A frequently heard justification for genome sequencing projects is that they will shed light on the molecular mechanisms of human disease. Even in initial analyses, the mouse genome shows promise in this regard. The Mouse Genome Sequencing Consortium examined regions of the mouse genome homologous to 687 human disease genes. Of 7293 amino positions at which disease-associated variants have been reported in the human population, 90.3% show the same amino acid residue in the mouse as in the normal human sequence (Mouse Genome Sequencing Consortium, 2002). This high level of conservation is not surprising if the residues in question are functionally important, as indeed many of them must be if amino-acid replacements at these sites cause disease.

On the other hand, at 160 sites (2.2% of the disease-associated sites), the mouse sequence was the same as the human disease-associated sequence. Moreover, in 23 of these, there is documentation of a cause-and-effect relationship between the mutation and disease in humans (Mouse Genome Sequencing Consortium, 2002). This unexpected finding is important because it implies that the harmfulness of a mutation can depend on the biochemical context in which it occurs. A mutation that causes disease in humans may not have been harmful in the ancestor of the mouse because of other changes occurring in the rodent lineage that served to buffer the mutation's effects.

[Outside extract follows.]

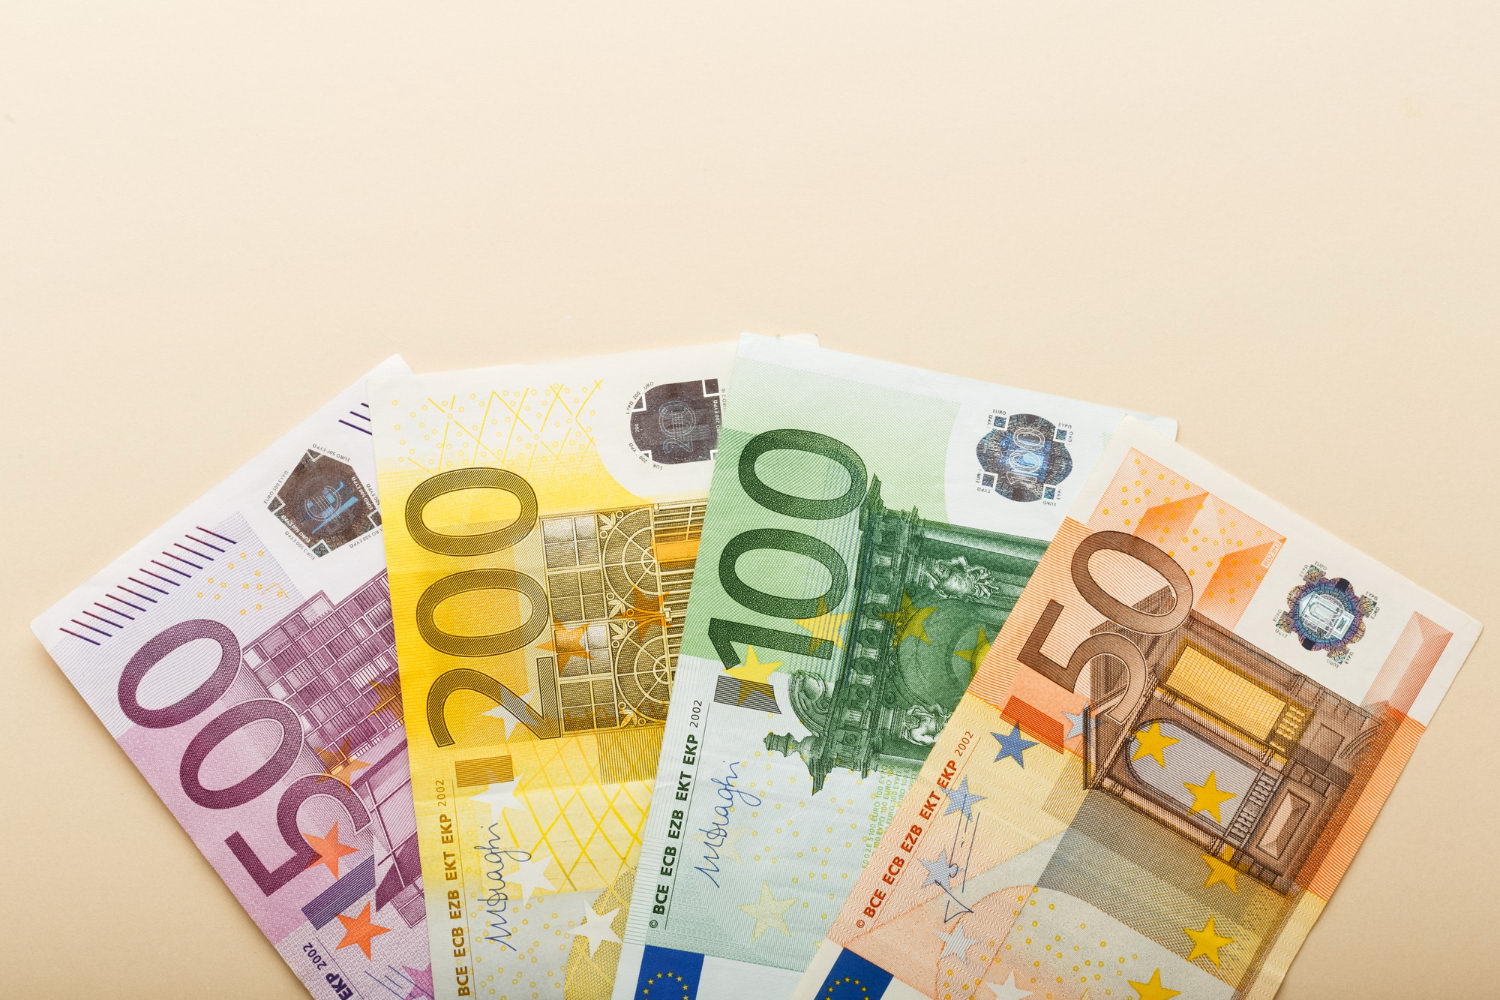 bancnote de euro

As with any new genome sequence, the initial report of the mouse genome (Mouse Genome Sequencing Consortium, 2002), together with companion papers (Dermitzakis et al, 2002; The FANTOM Consortium and the RIKEN Genome Exploration Research Group Phase I and II Team, 2002; Wade et al, 2002), only scratches the surface of the information made available to biologists through sequencing of the mouse genome. Comparison of human and mouse genomes is certain to yield important new insights in the near future as well as provide a rich source of testable hypotheses for experimental biologists working in both rodent and primate systems.